## Input data
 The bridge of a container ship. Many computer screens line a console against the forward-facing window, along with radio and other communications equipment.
==
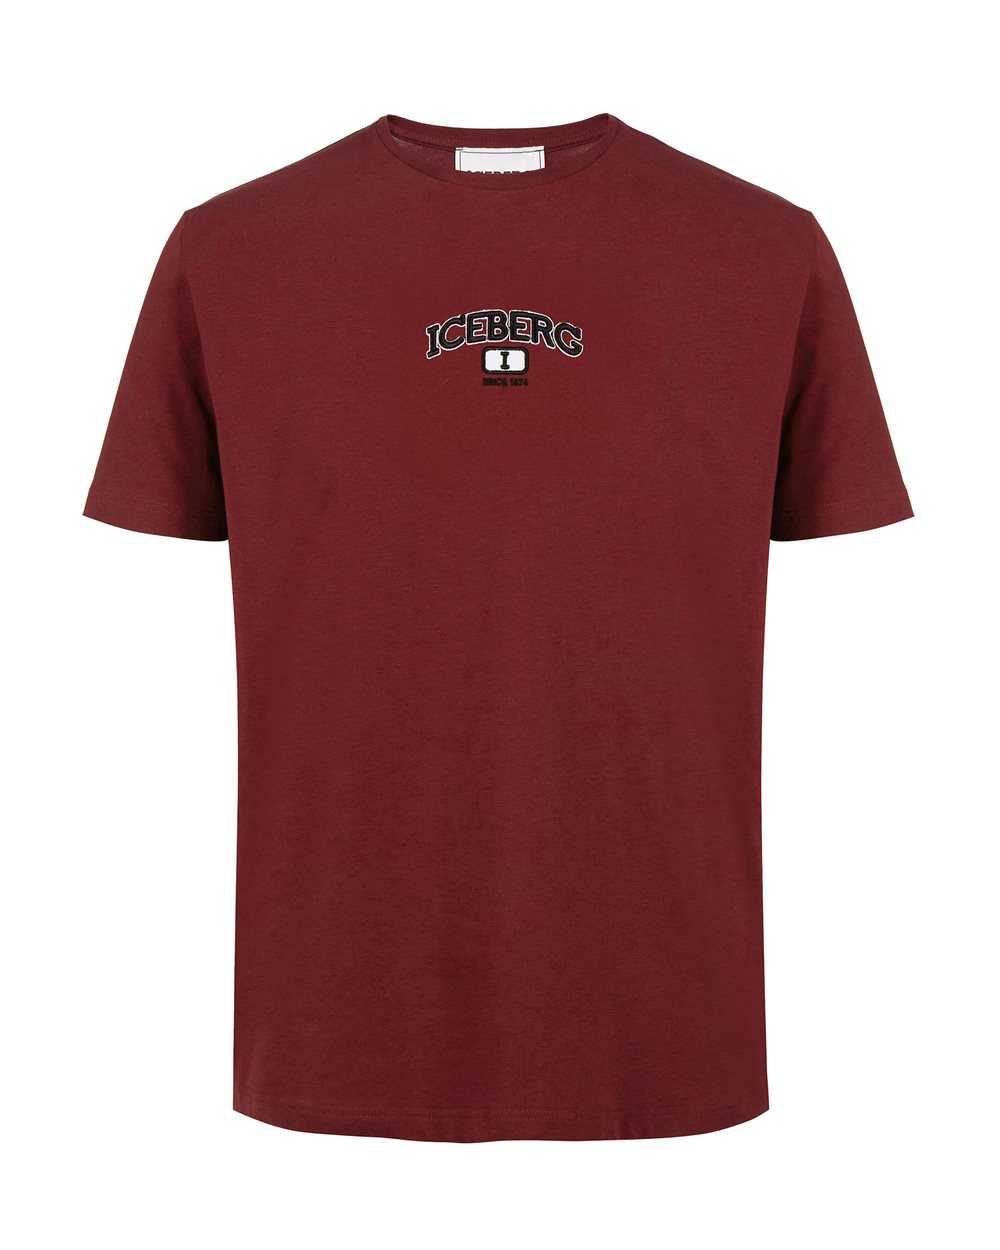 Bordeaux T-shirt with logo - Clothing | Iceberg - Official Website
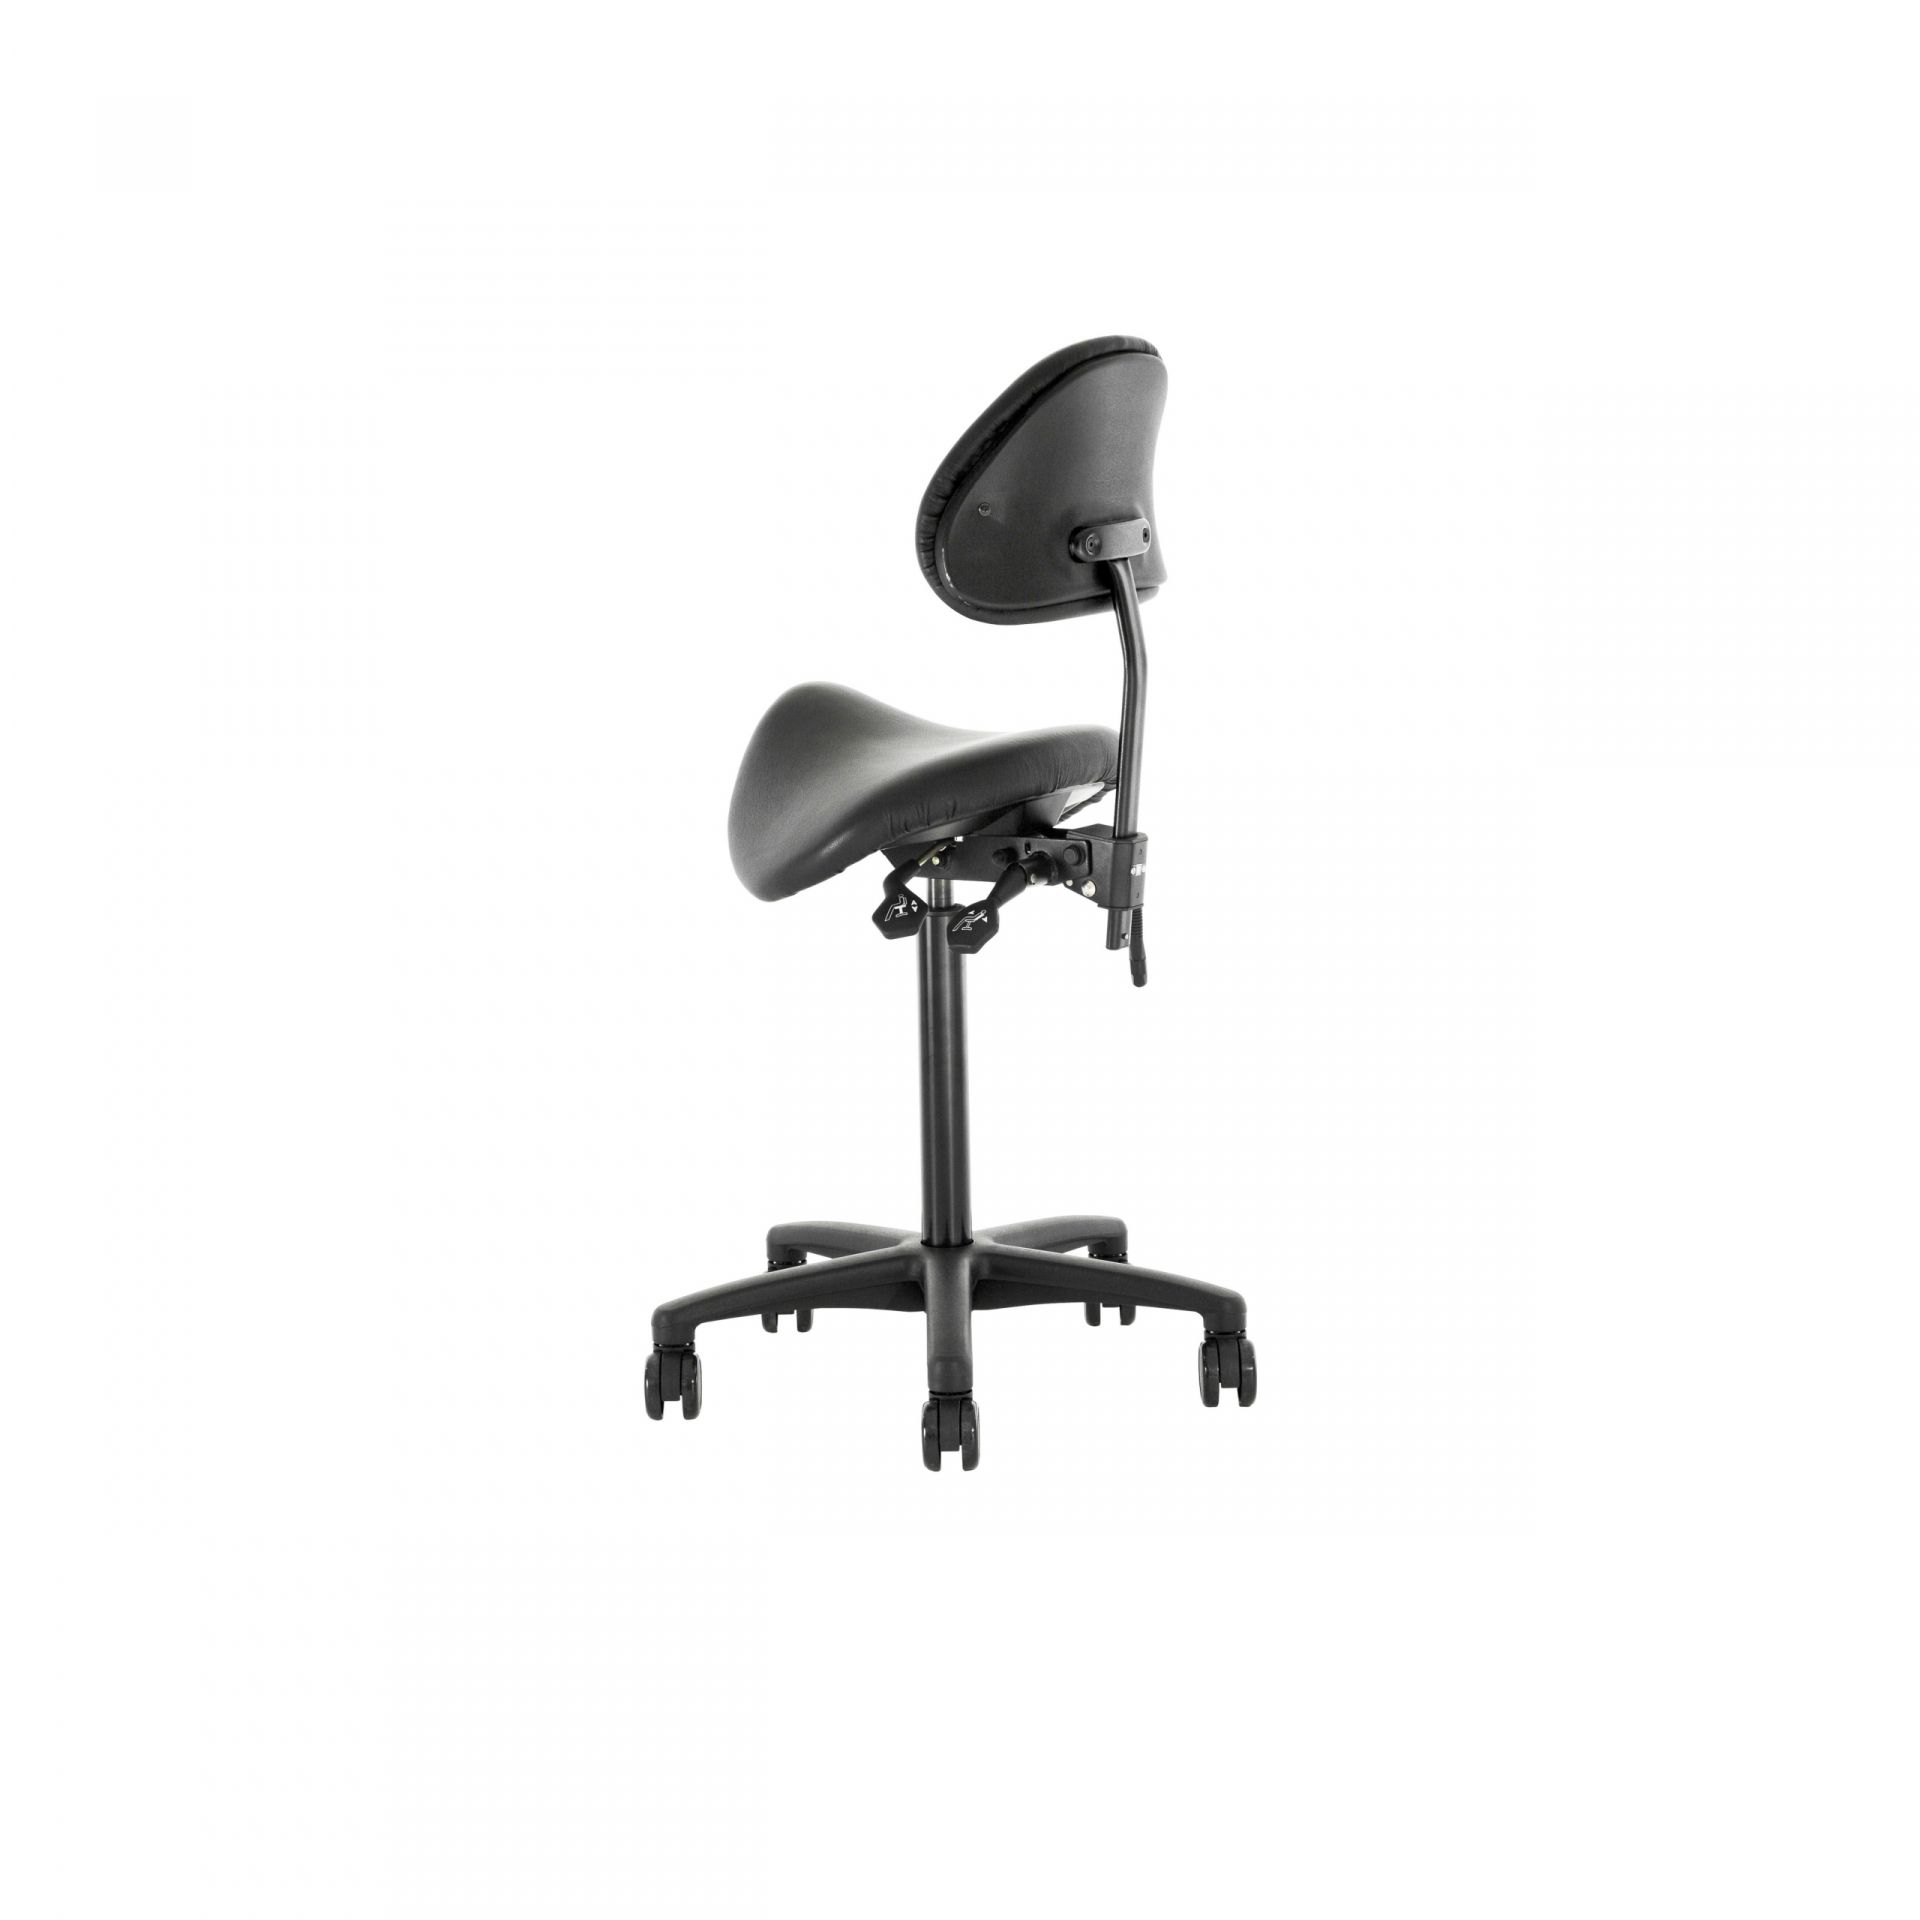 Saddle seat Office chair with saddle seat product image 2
--
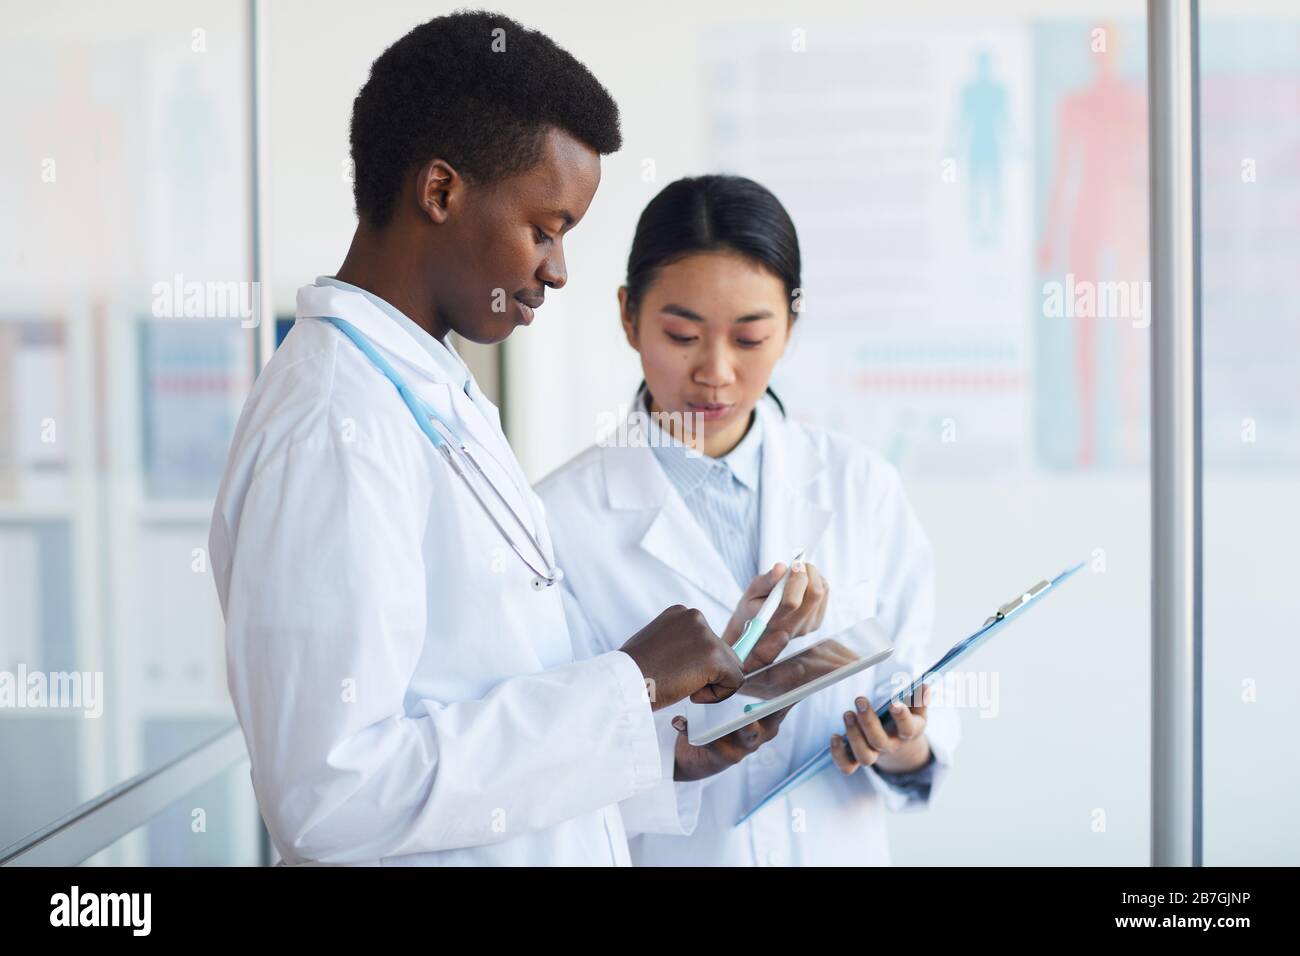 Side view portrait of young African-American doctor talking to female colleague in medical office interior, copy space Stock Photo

## What the exercise asks
Above are records with pictures. Reproduce exactly only the lines from the line with "Bordeaux T-shirt with" through the line with "Saddle seat Office", both ends included, and leave the pictures out.

## Response
 Bordeaux T-shirt with logo - Clothing | Iceberg - Official Website
 Saddle seat Office chair with saddle seat product image 2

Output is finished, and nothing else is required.